DATA SECTION section start
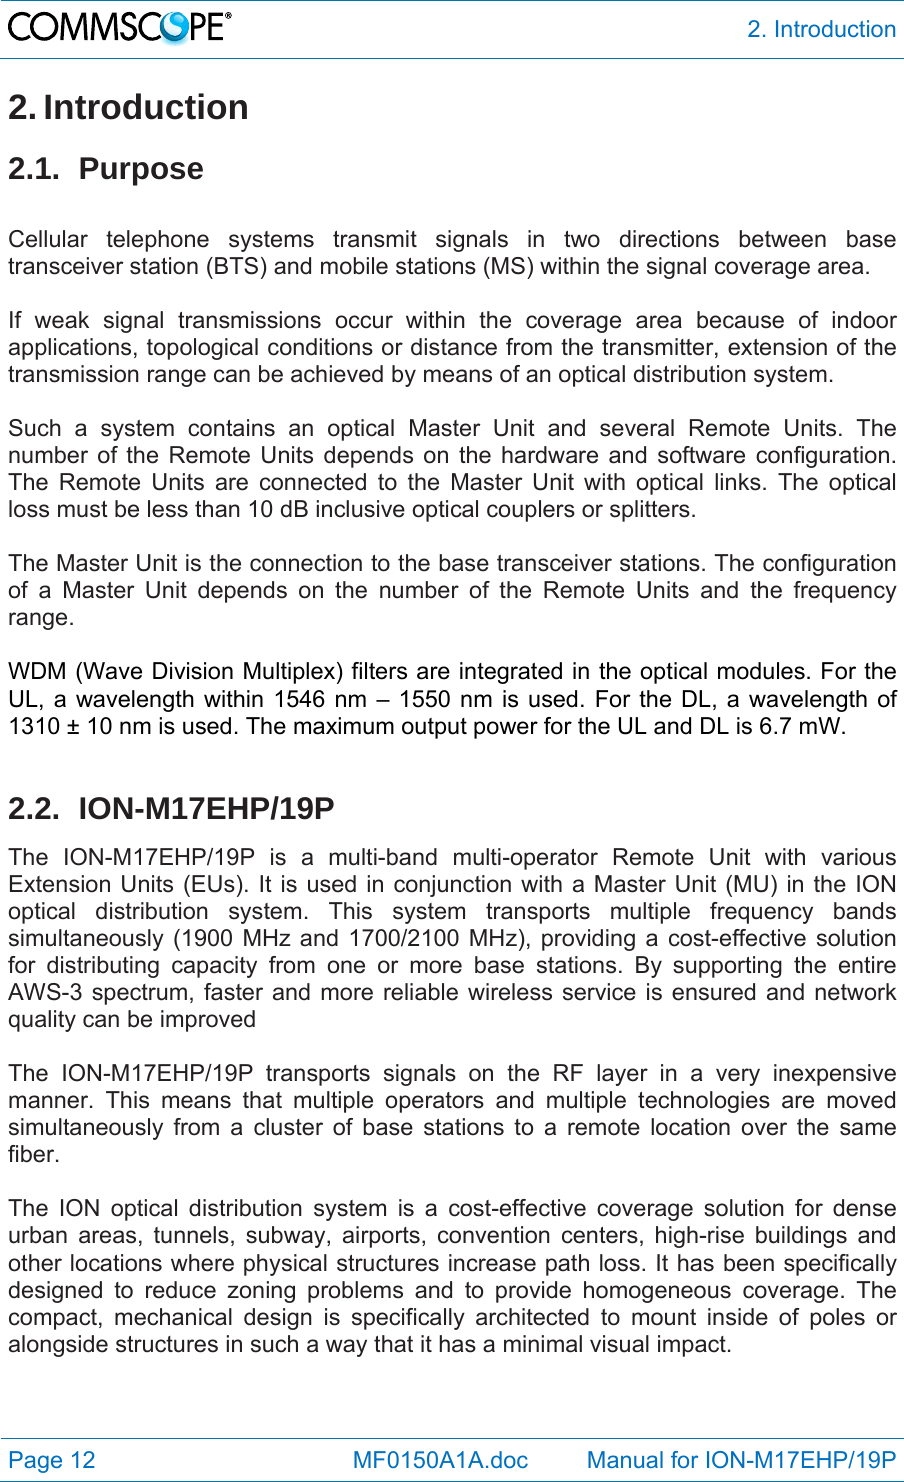  2. Introduction Page 12            MF0150A1A.doc         Manual for ION-M17EHP/19P 2. Introduction 2.1. Purpose  Cellular telephone systems transmit signals in two directions between base transceiver station (BTS) and mobile stations (MS) within the signal coverage area.  If weak signal transmissions occur within the coverage area because of indoor applications, topological conditions or distance from the transmitter, extension of the transmission range can be achieved by means of an optical distribution system.  Such a system contains an optical Master Unit and several Remote Units. The number of the Remote Units depends on the hardware and software configuration. The Remote Units are connected to the Master Unit with optical links. The optical loss must be less than 10 dB inclusive optical couplers or splitters.  The Master Unit is the connection to the base transceiver stations. The configuration of a Master Unit depends on the number of the Remote Units and the frequency range.   WDM (Wave Division Multiplex) filters are integrated in the optical modules. For the UL, a wavelength within 1546 nm – 1550 nm is used. For the DL, a wavelength of 1310 ± 10 nm is used. The maximum output power for the UL and DL is 6.7 mW.  2.2. ION-M17EHP/19P The ION-M17EHP/19P is a multi-band multi-operator Remote Unit with various Extension Units (EUs). It is used in conjunction with a Master Unit (MU) in the ION optical distribution system. This system transports multiple frequency bands simultaneously (1900 MHz and 1700/2100 MHz), providing a cost-effective solution for distributing capacity from one or more base stations. By supporting the entire AWS-3 spectrum, faster and more reliable wireless service is ensured and network quality can be improved  The ION-M17EHP/19P transports signals on the RF layer in a very inexpensive manner. This means that multiple operators and multiple technologies are moved simultaneously from a cluster of base stations to a remote location over the same fiber.  The ION optical distribution system is a cost-effective coverage solution for dense urban areas, tunnels, subway, airports, convention centers, high-rise buildings and other locations where physical structures increase path loss. It has been specifically designed to reduce zoning problems and to provide homogeneous coverage. The compact, mechanical design is specifically architected to mount inside of poles or alongside structures in such a way that it has a minimal visual impact.  
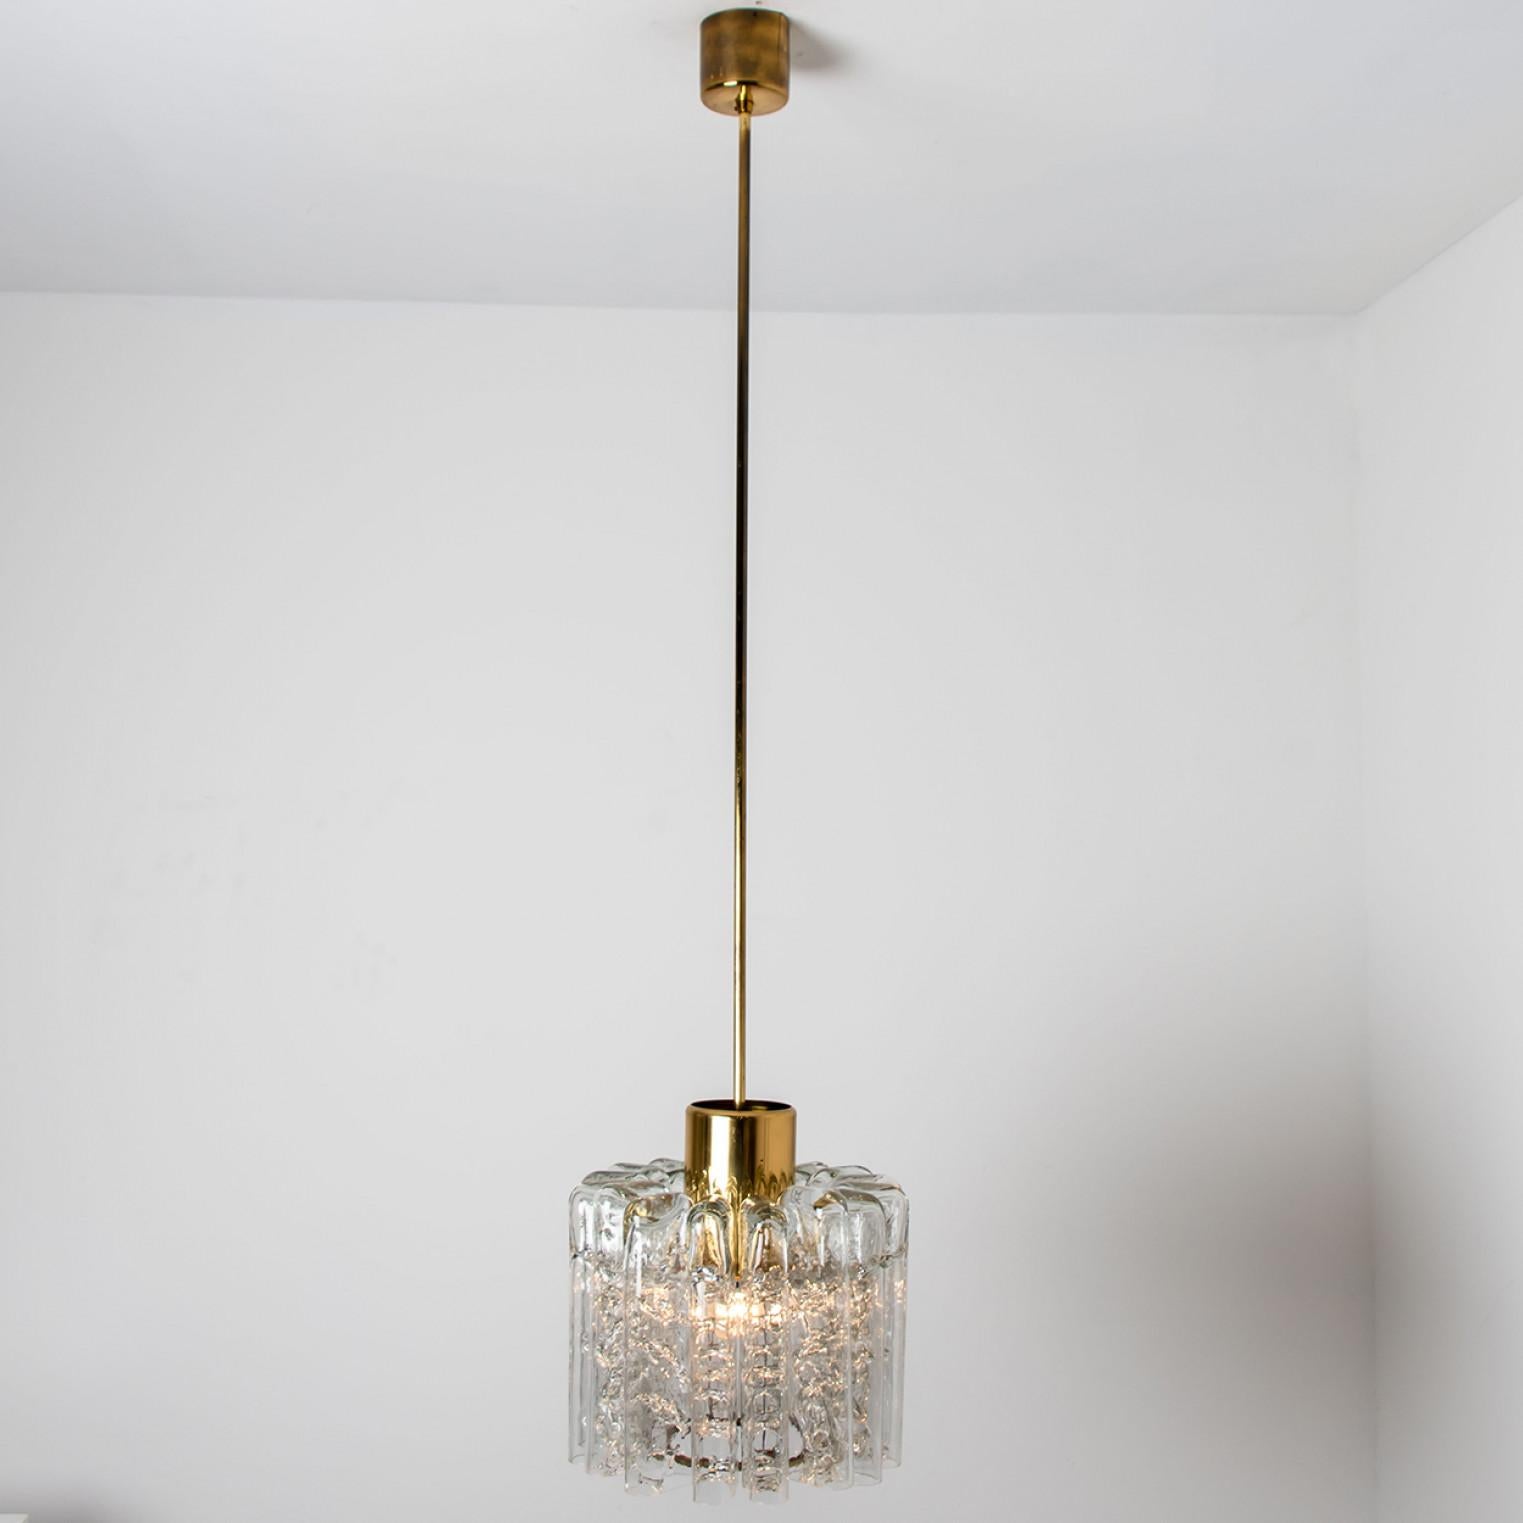 1 of the 2 Round Textured Clear Glass Doria Pendant Lamp, 1960s In Good Condition For Sale In Rijssen, NL
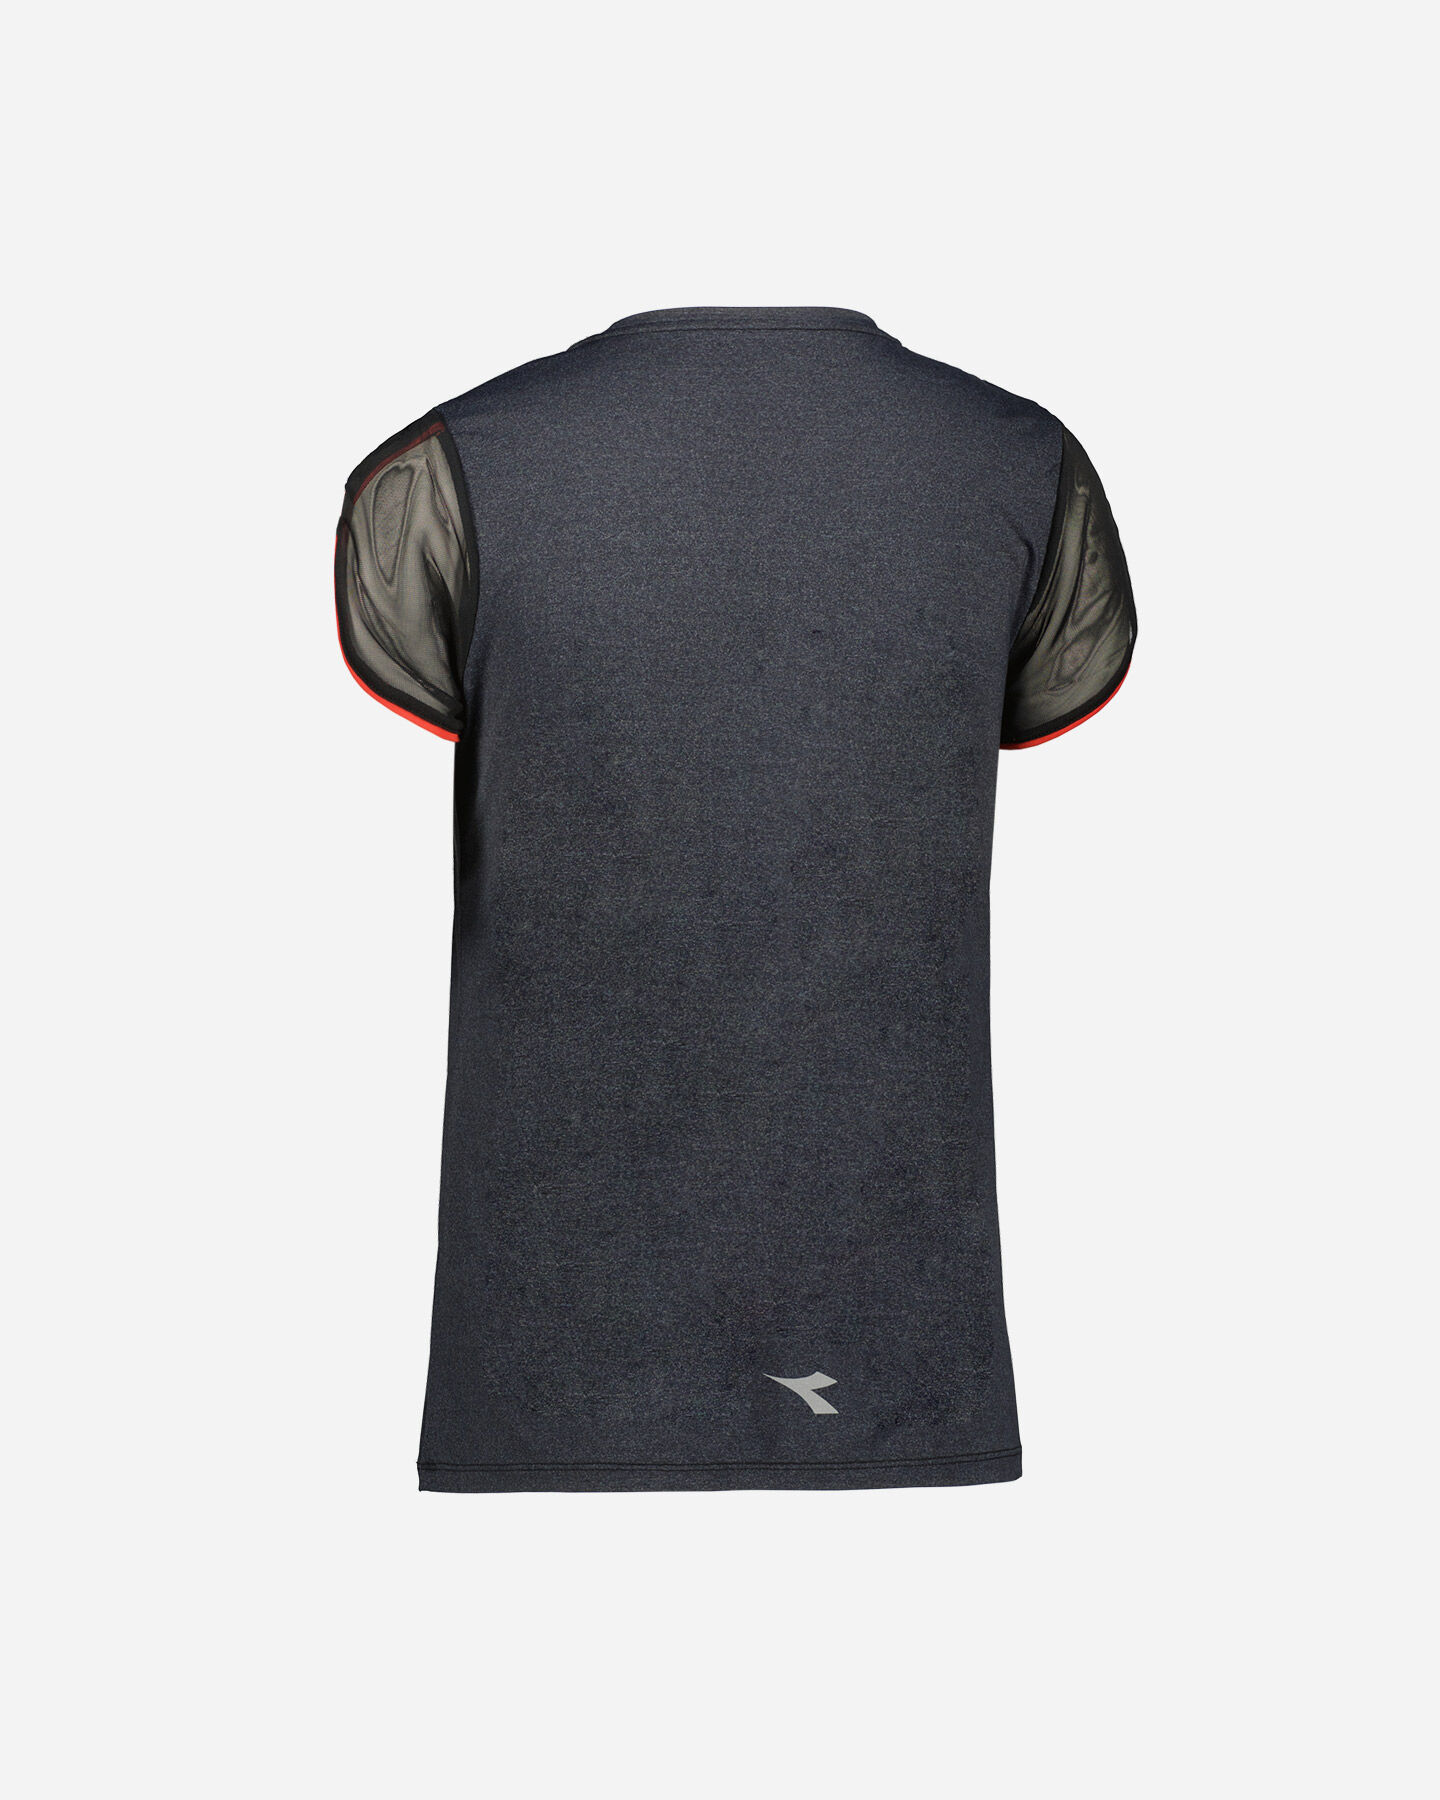  T-Shirt running DIADORA BE ONE W S5400809|80013|XS scatto 1
DATA SECTION section end
**ABOUT THIS TASK:**
The answer must be the data above, repeated exactly, with no pictures.

**WRITTEN SOLUTION:**
  2. Introduction Page 12            MF0150A1A.doc         Manual for ION-M17EHP/19P 2. Introduction 2.1. Purpose  Cellular telephone systems transmit signals in two directions between base transceiver station (BTS) and mobile stations (MS) within the signal coverage area.  If weak signal transmissions occur within the coverage area because of indoor applications, topological conditions or distance from the transmitter, extension of the transmission range can be achieved by means of an optical distribution system.  Such a system contains an optical Master Unit and several Remote Units. The number of the Remote Units depends on the hardware and software configuration. The Remote Units are connected to the Master Unit with optical links. The optical loss must be less than 10 dB inclusive optical couplers or splitters.  The Master Unit is the connection to the base transceiver stations. The configuration of a Master Unit depends on the number of the Remote Units and the frequency range.   WDM (Wave Division Multiplex) filters are integrated in the optical modules. For the UL, a wavelength within 1546 nm – 1550 nm is used. For the DL, a wavelength of 1310 ± 10 nm is used. The maximum output power for the UL and DL is 6.7 mW.  2.2. ION-M17EHP/19P The ION-M17EHP/19P is a multi-band multi-operator Remote Unit with various Extension Units (EUs). It is used in conjunction with a Master Unit (MU) in the ION optical distribution system. This system transports multiple frequency bands simultaneously (1900 MHz and 1700/2100 MHz), providing a cost-effective solution for distributing capacity from one or more base stations. By supporting the entire AWS-3 spectrum, faster and more reliable wireless service is ensured and network quality can be improved  The ION-M17EHP/19P transports signals on the RF layer in a very inexpensive manner. This means that multiple operators and multiple technologies are moved simultaneously from a cluster of base stations to a remote location over the same fiber.  The ION optical distribution system is a cost-effective coverage solution for dense urban areas, tunnels, subway, airports, convention centers, high-rise buildings and other locations where physical structures increase path loss. It has been specifically designed to reduce zoning problems and to provide homogeneous coverage. The compact, mechanical design is specifically architected to mount inside of poles or alongside structures in such a way that it has a minimal visual impact.  
 1 of the 2 Round Textured Clear Glass Doria Pendant Lamp, 1960s In Good Condition For Sale In Rijssen, NL
  T-Shirt running DIADORA BE ONE W S5400809|80013|XS scatto 1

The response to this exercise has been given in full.